Configuring HAProxy for Domain and Subdomain on pfSense

Overview

In this article, we will configure HAProxy on pfSense to handle requests for a main domain and a subdomain. The current setup allows access to both services, but there is an issue with session persistence that needs to be resolved.

Current Setup

The architecture is as follows:

Internet -> pfSense Firewall -> HAProxy -> SRV1 (192.168.100.1) domain.com
                     -> SRV2 (192.168.100.2) srv2.domain.com

Problem Statement

While accessing domain.com and srv2.domain.com works correctly in separate tabs, switching between them leads to unexpected behavior where one tab redirects to the other. This issue arises due to session handling in HAProxy.

HAProxy Configuration

Here’s the current configuration for HAProxy:

# Define ACLs for domain and subdomain
acl host_srv2 hdr_dom(host) -i srv2.domain.com
acl host_domain hdr_dom(host) -i domain.com

# Use backends based on the ACLs
use_backend srv2 if host_srv2
use_backend domain if host_domain

# Backend configuration for srv2
backend srv2
    balance roundrobin
    option httpclose
    option forwardfor
    cookie JSESSIONID prefix
    server srv2 192.168.100.2:80 check

# Backend configuration for domain
backend domain
    balance roundrobin
    option httpclose
    option forwardfor
    cookie JSESSIONID prefix
    server domain 192.168.100.1:80 check

Suggested Modifications

To address the session persistence issue, consider implementing sticky sessions. This can be achieved by modifying the cookie settings in your backend configurations.

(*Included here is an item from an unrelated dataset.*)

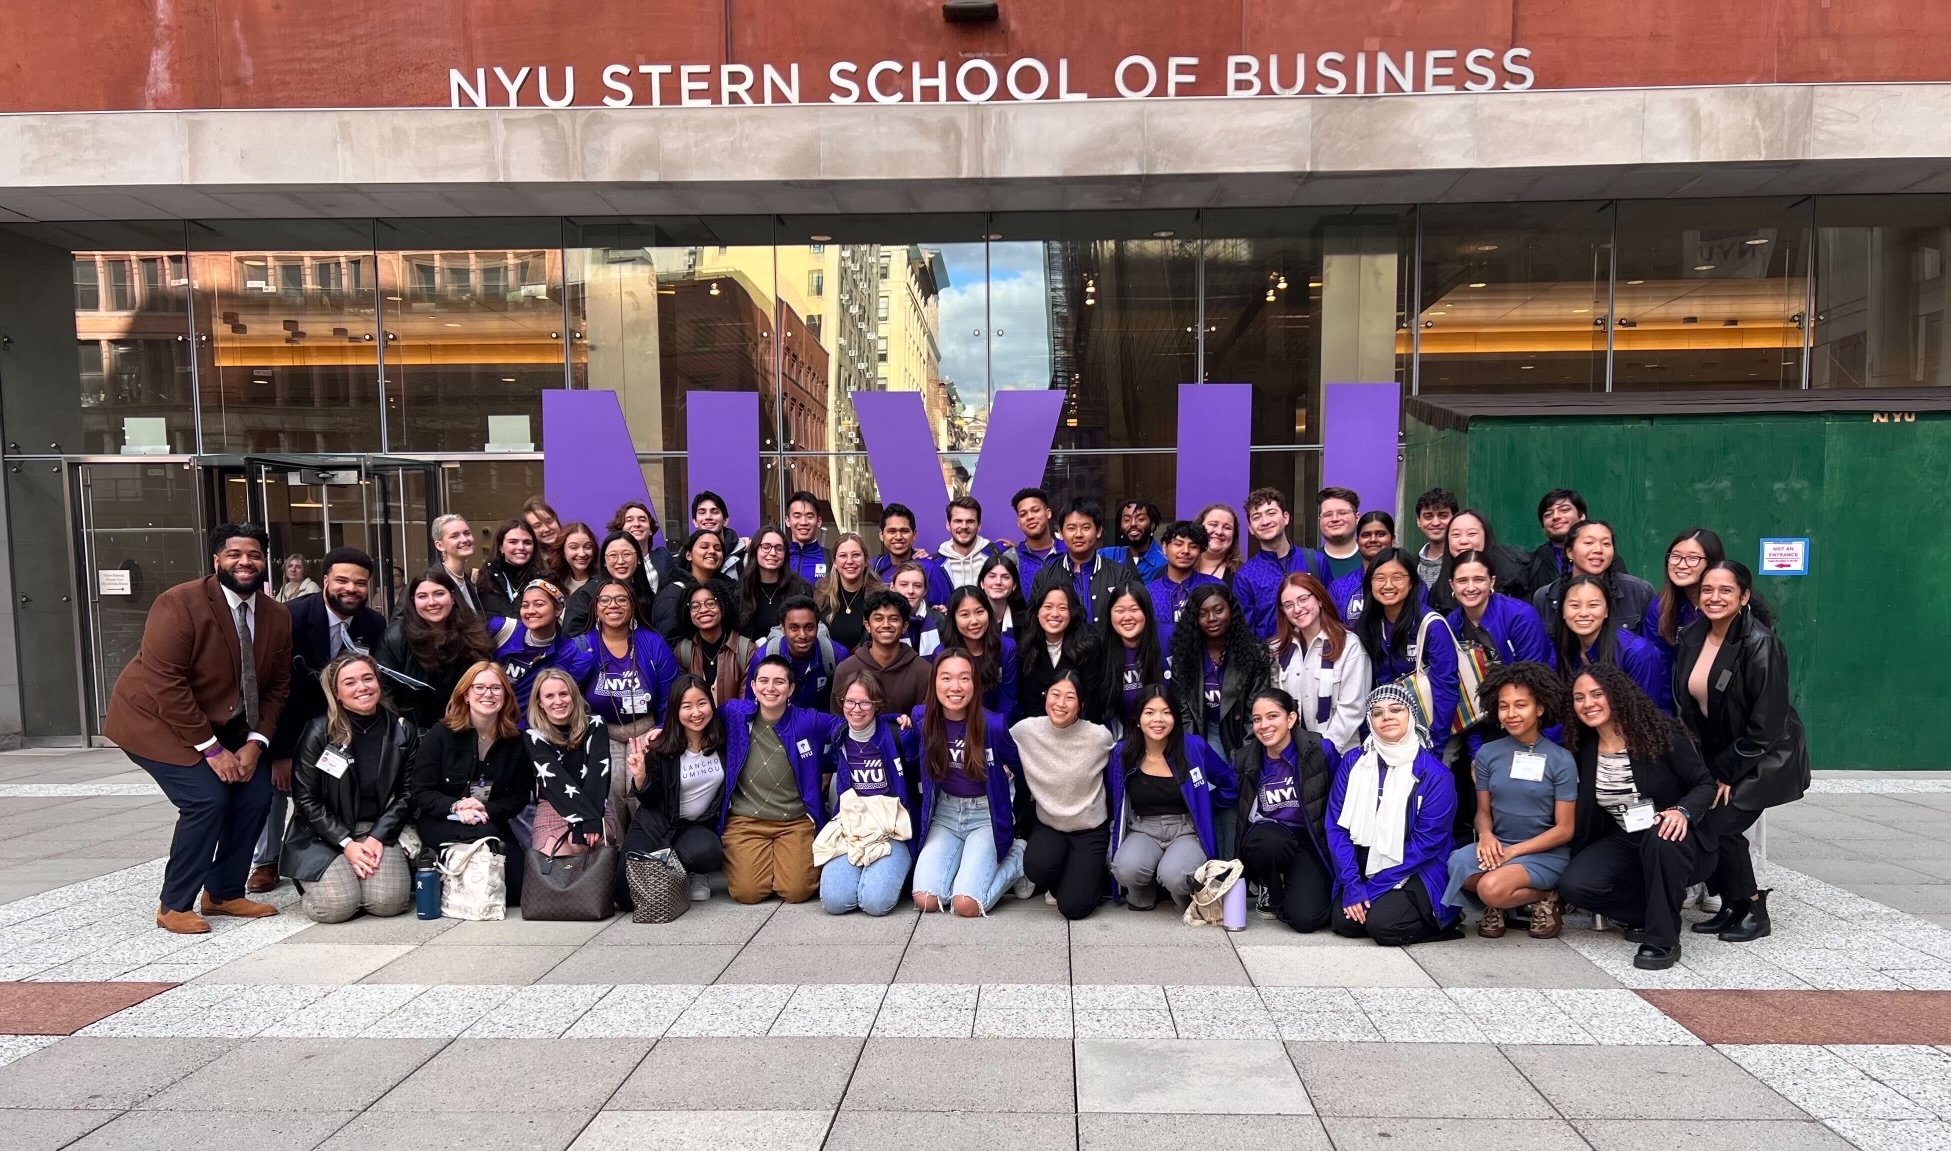 NYU Admissions Ambassadors pose together outside the NYU Stern School of Business. Being an Admissions Ambassador at NYU is an on-campus job.

Here’s an example of how to adjust the cookie settings:

# Backend configuration for srv2 with sticky sessions
backend srv2
    balance roundrobin
    option httpclose
    option forwardfor
    cookie JSESSIONID insert indirect
    server srv2 192.168.100.2:80 check

# Backend configuration for domain with sticky sessions
backend domain
    balance roundrobin
    option httpclose
    option forwardfor
    cookie JSESSIONID insert indirect
    server domain 192.168.100.1:80 check

Conclusion

By implementing sticky sessions, you can ensure that users remain connected to the correct backend server when switching between tabs. This configuration should resolve the redirection issue you are experiencing. If you continue to face challenges, consider reviewing the HAProxy logs for further insights into the traffic flow.